The globalized nature of business today encourages organizations to make services, or at least their presence, known to multiple markets across multiple languages.
The development of generative AI is helping increase speed and efficiency of translation services, leveraging algorithms to auto select the most appropriate translation engine based on content type.
Smartling Translate, released last month, leverages previous assets such as a glossary and translation memory through its LanguageAI proprietary technology, and lets users copy and paste text or drag and drop files up to 200MB. The platform also implements style guidelines and can be trained to follow the brand voice, as well as locale-specific conventions, grammatically accurate terminology handling and the proper use of linguistic gender preferences in translations.
Smartling CEO Bryan Murphy explains including brand voice in translation is important because it helps maintain consistency and coherence in communication across different languages and cultures.
“A brand’s voice reflects its unique personality, values, and style of communication, which are carefully crafted to resonate with a specific target audience,” he says.
From his perspective, it is essential to have brand consistency in translated content to improve communication effectiveness and create a consistent, emotional connection that gives the company a competitive edge.
“The way you do this in translation is by utilizing tools such as inclusion of your glossary, the specific brand terms and phrases you utilize in marketing; translation memory,” he says. “This is essentially a database of previously translated words and phrases so that they are reused consistently with your brand every time and in every language.”
Smartling’s platform performs all its work in a private cloud environment, which Murphy explains offers additional security because many public translation tools have rights to harvest your data, which is bad for privacy and security.
“Maintaining a safe and secure environment for translation that protects confidentiality is essential and safeguards data, respects intellectual property rights, builds client trust, ensures compliance and mitigates the risks associated with unauthorized access or data breaches,” he says. “It is crucial for both the protection of sensitive information and the reputation of companies that translate.”
Jayaprakash Nair, Altimetrik’s head of analytics, data science, machine learning, AI and visualization, explains it takes time and effort for humans to pick up a new language, let alone become proficient enough to play the role of a translator.
“One human cannot pass on all this hard-earned knowledge in an easy manner to another human,” he says. “Machines, on the other hand, can replicate their knowledge of languages easily from machine to machine.”
He notes that until recently, humans were better than machines in the contextual depth of conversations.
With Large Language Models (LLMs) trained on billions of parameters, even this distinction is becoming thinner.
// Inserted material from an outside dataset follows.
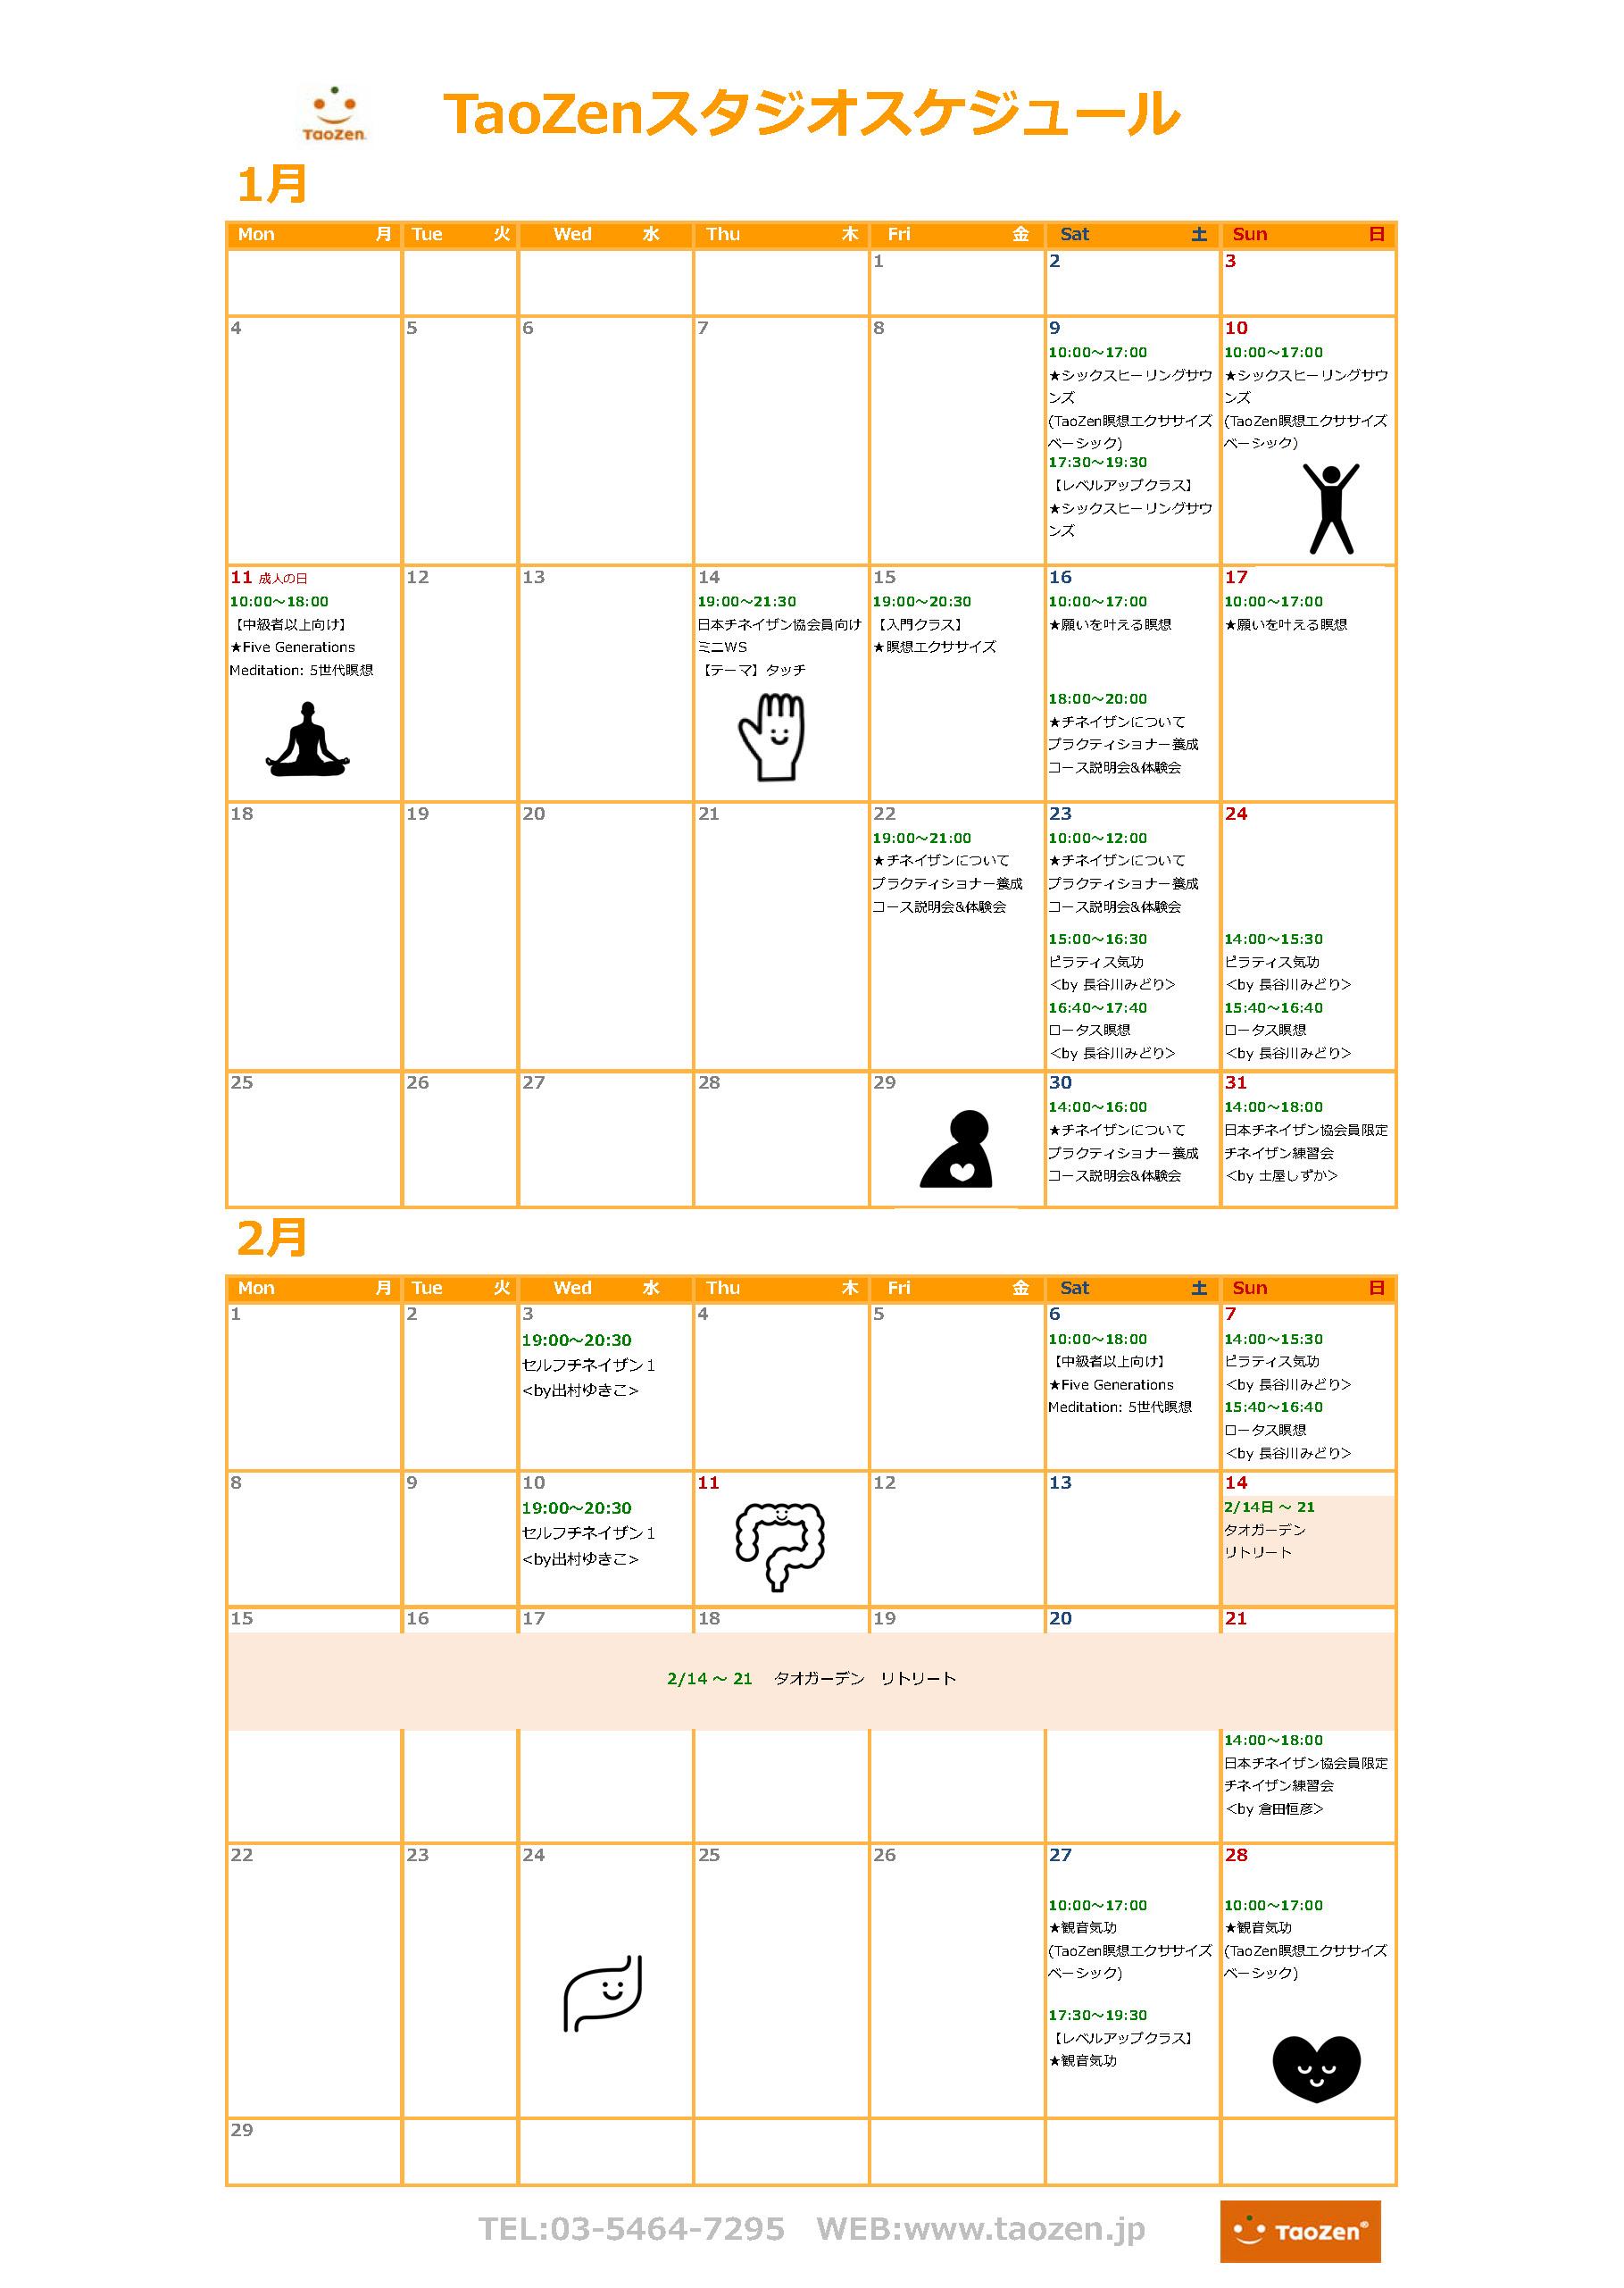 taozen_schedule1601

Generative AI technologies can learn, converse and translate in various languages, and this trend is only expected to improve further.
“Document translations are making it easier for us to understand text written in foreign languages,” he adds. “Real-time AI translation enables foreigners to have meaningful conversations with each other.”
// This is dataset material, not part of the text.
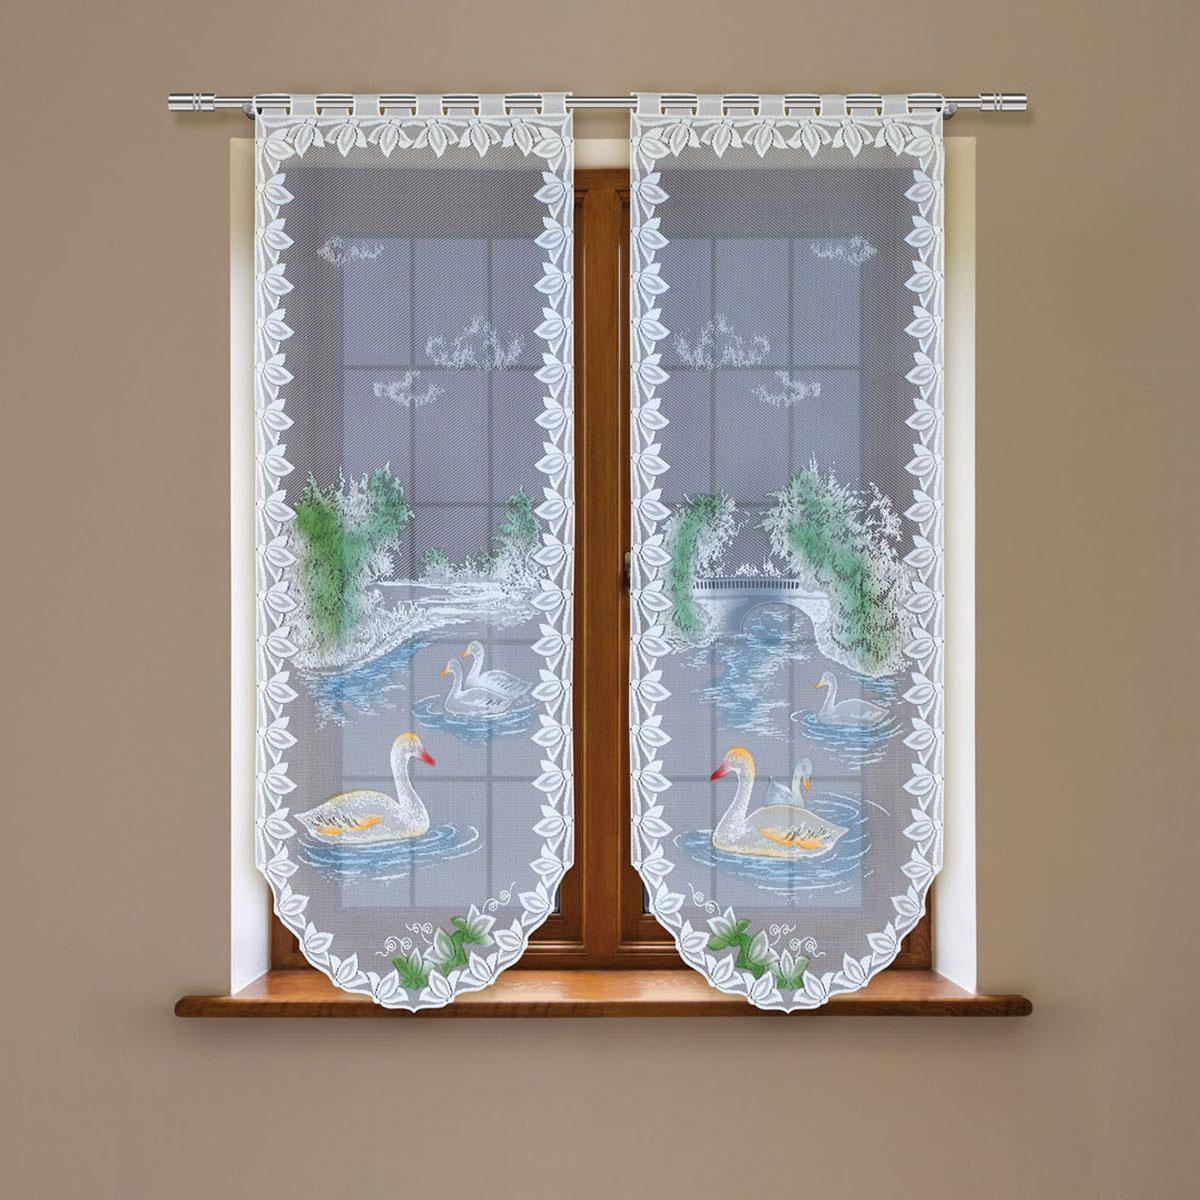 Гардина Haft, цвет: белый, высота 160 см. 4243С/60S03301004Гардина имеет в верхней части полотна прорези, через которые гардина-витраж вывешивается на карниз или можно крепить на зажим для штор,котрый в комплект не входит.Комплект состоит из двух полотен (выс.160* шир.60) Размеры: (высота 160* ширина 60)*2

He says organizations are known to have a “voice” or “tone” to their branding campaigns–some are brash and explicit, some are subtle, yet others are polished.
“The AI-engine needs to be trained and tuned to the particular voice of the brand, as well as its terminology, instead of using the off-the-shelf AI services as-is,” he says. “This can be done by training the pre-trained LLMs using organization-specific data and appropriate prompt engineering.”
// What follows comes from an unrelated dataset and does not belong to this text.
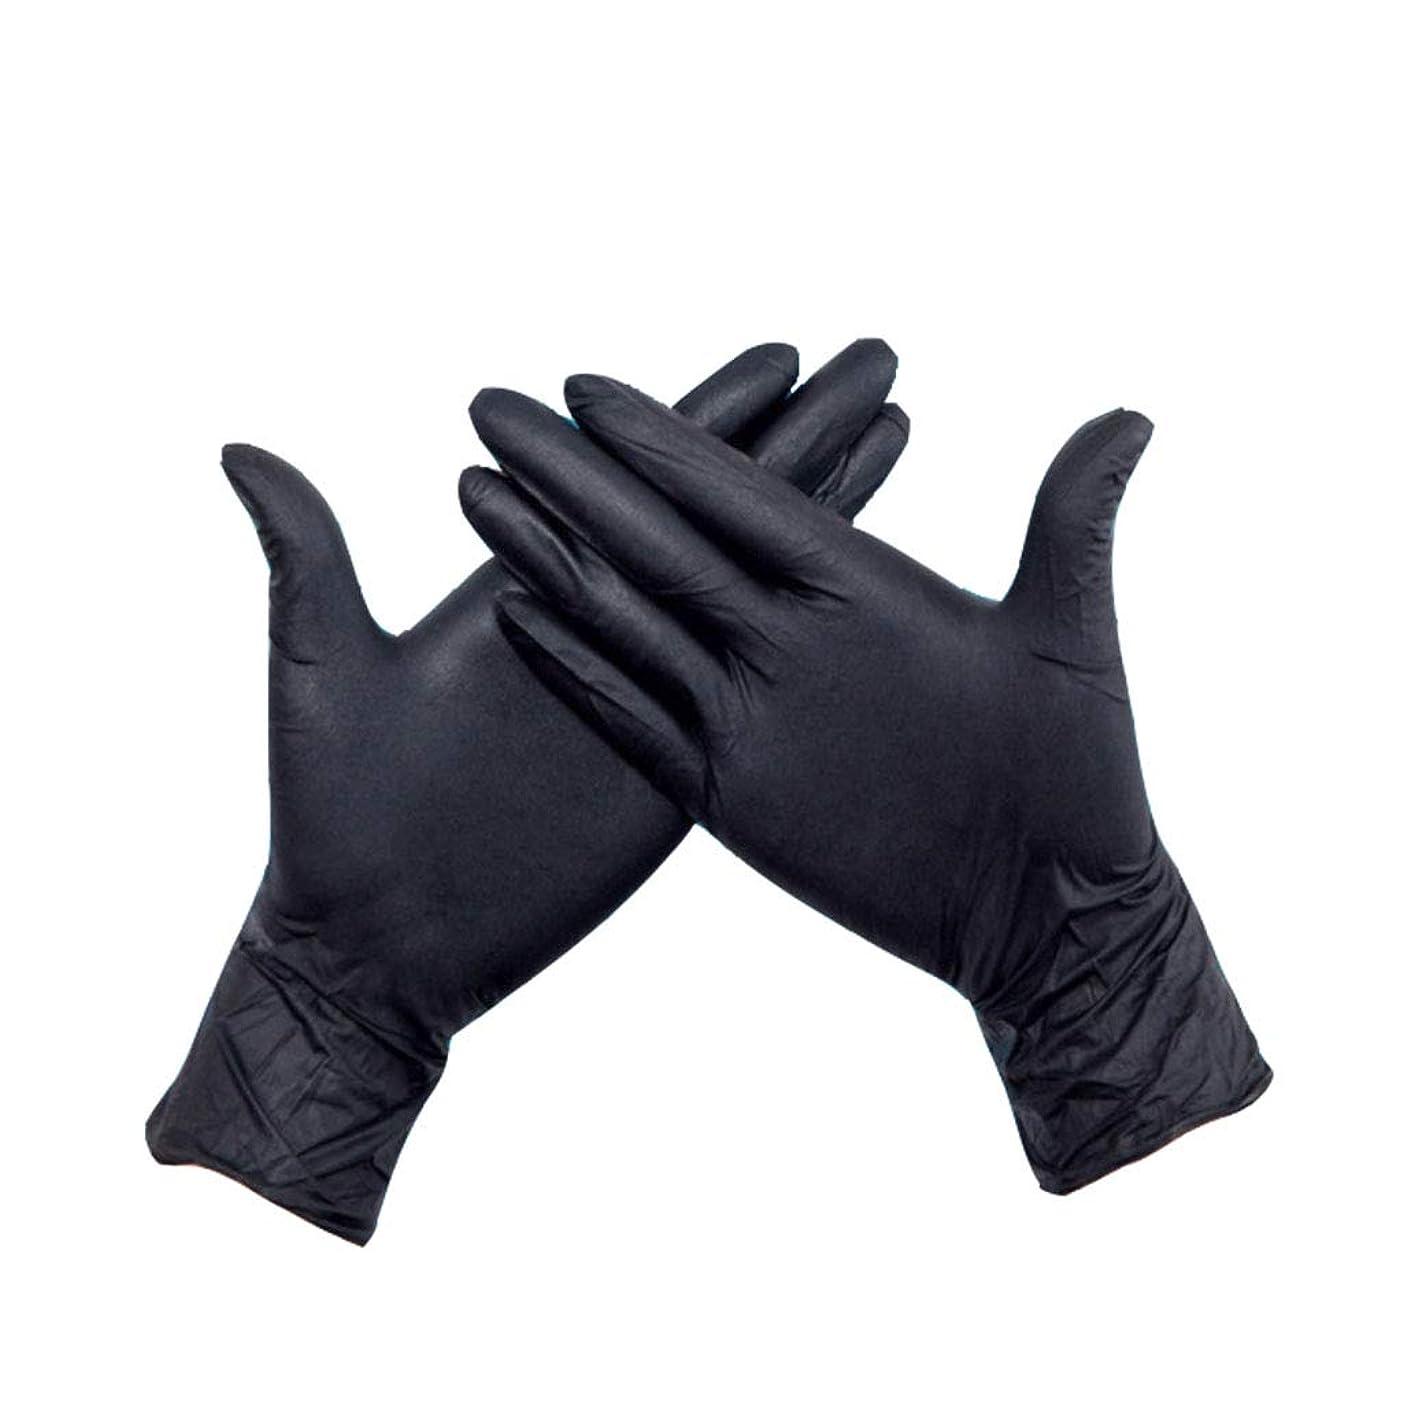 軍隊病的癒す手袋黒丁qing使い捨て手袋耐摩耗性耐酸アルカリ美しさとヘアケア手袋の厚い丁ding清グローブ200 (UnitCount : 300 only)

Nair says there are several such examples where AI based translation is impacting the transaction services market, and while there are several kinks yet to be ironed out, from his perspective it is making steady progress.
“AI based engines are known to stumble in nuanced language situations like satire or sarcasm,” he says. “So, in a batch translation setting, it is preferable to have the AI-generated translation quality-checked by a human.”
He adds that since those flaws apply to a real-time conversational setting as well, it is prudent that AI-based translation services are used very cautiously in sensitive discussions and negotiations.
“They should only be used in the presence of an expert human translator,” he advises.
With the combination of humans and technology, much can be accomplished.